FlashMemory-DeepSeek-V4: Lightning Index Ultra-Long Context via Lookahead Sparse Attention
English summary
The paper proposes Lookahead Sparse Attention (LSA), a novel inference paradigm based on a Neural Memory Indexer integrated with the DeepSeek-V4 architecture. Instead of retaining the full KV cache, LSA proactively predicts future context needs and preserves only query‑critical KV chunks in GPU memory. The indexer is trained independently via a backbone‑free, dual‑encoder retrieval framework, avoiding loading the full backbone model. Across LongBench‑v2, LongMemEval, and RULER, FM‑DS‑V4 compresses the physical KV cache to 13.5% of the full‑context baseline while raising average accuracy by +0.6 percentage points. At extreme 500K token scales, it suppresses physical KV cache overhead by over 90% without degrading the backbone’s core reasoning. Code and weights are publicly released on GitHub and HuggingFace.
Chinese summary
论文提出前瞻稀疏注意力(LSA),一种基于神经记忆索引器并与DeepSeek‑V4架构结合的新型推理范式。该方法主动预测未来上下文需求,仅在GPU内存中保留查询关键的KV块,而非保留全部KV缓存。索引器通过无骨干解耦训练策略独立训练,采用双编码器检索框架,无需加载完整骨干模型。在LongBench‑v2、LongMemEval和RULER等长上下文评测中,FM‑DS‑V4将物理KV缓存压缩至全上下文基线的13.5%,同时平均准确率绝对提升0.6个百分点。

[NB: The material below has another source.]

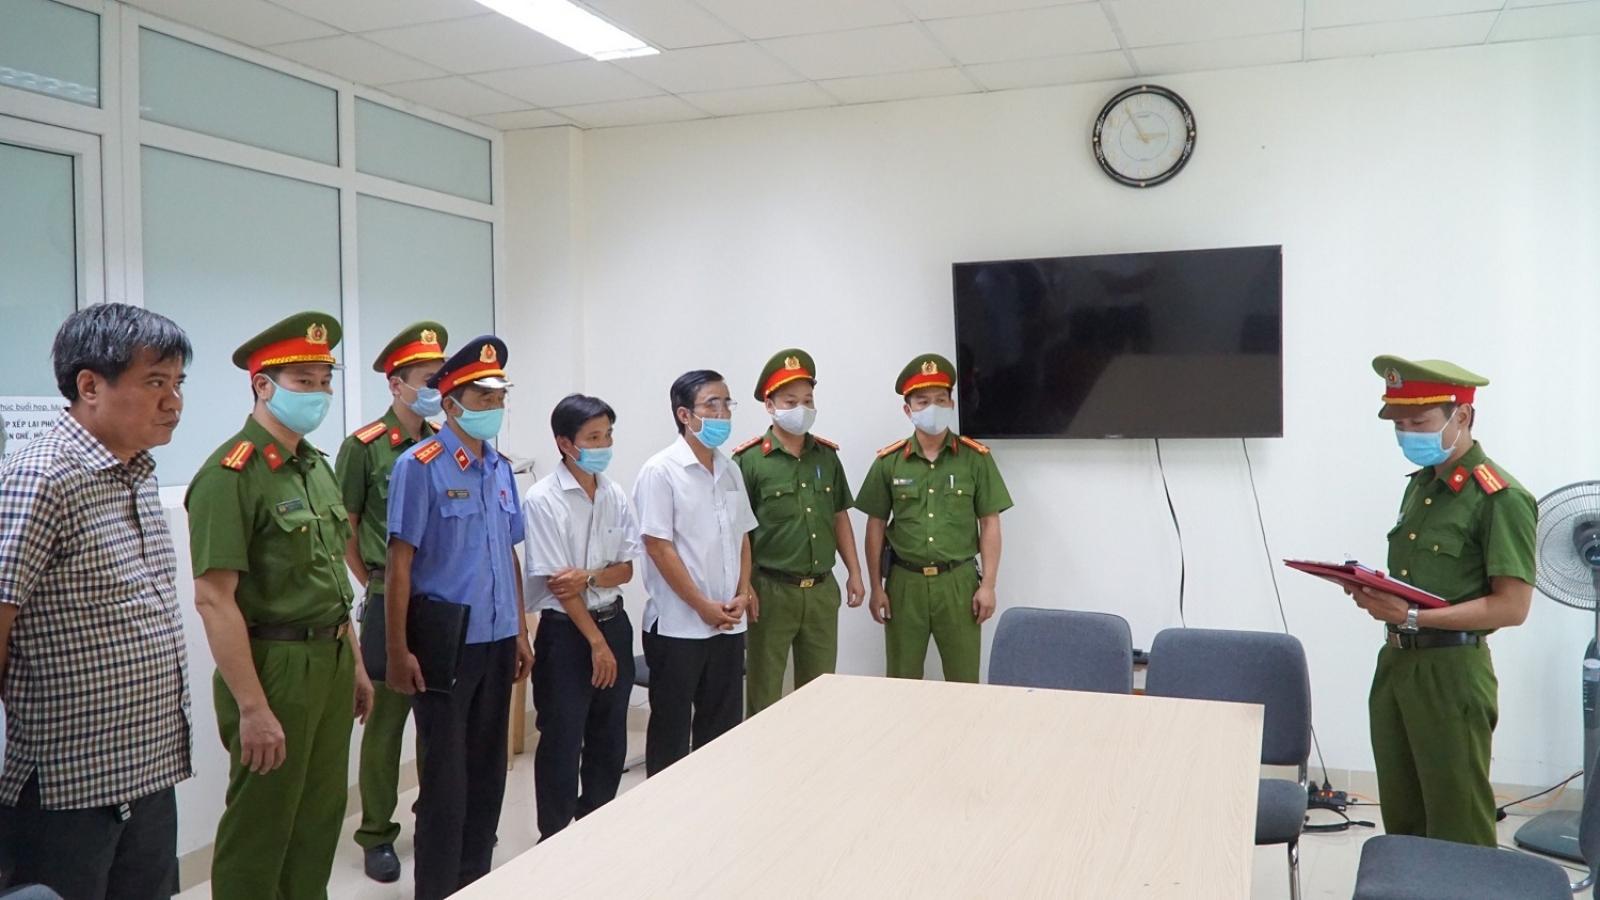 Bắt thêm 3 cán bộ trong đường dây kê khống hơn 350 mộ giả ở Thừa Thiên Huế

在50万tokens的极端规模下,物理KV缓存开销被抑制超过90%,且无损骨干模型的核心推理能力。代码与权重已在GitHub和HuggingFace公开。
Key points
Introduces Lookahead Sparse Attention (LSA) with a Neural Memory Indexer on DeepSeek‑V4, predicting future context demands instead of attending to all past tokens.
引入基于神经记忆索引器的前瞻稀疏注意力(LSA),预测未来上下文需求,而非关注所有历史token。
Uses backbone‑free dual‑encoder training, enabling independent indexer training without loading the massive backbone model into GPU memory.
采用无骨干双编码器训练策略,可独立训练索引器,无需将庞大骨干模型加载至GPU内存。
Achieves 86.5% KV cache compression (to 13.5% of full‑context) on long‑context benchmarks while slightly improving average accuracy (+0.6%).
在长上下文基准上实现KV缓存压缩至全上下文的13.5%,同时平均准确率小幅提升(+0.6%)。
At 500K token length, suppresses physical KV cache overhead by over 90% without harming core reasoning performance.
在50万token长度下,物理KV缓存开销被削减90%以上,且未损害核心推理性能。
Code, model weights, and paper are publicly available on GitHub, HuggingFace, and arXiv.
代码、模型权重和论文已公开在GitHub、HuggingFace和arXiv上。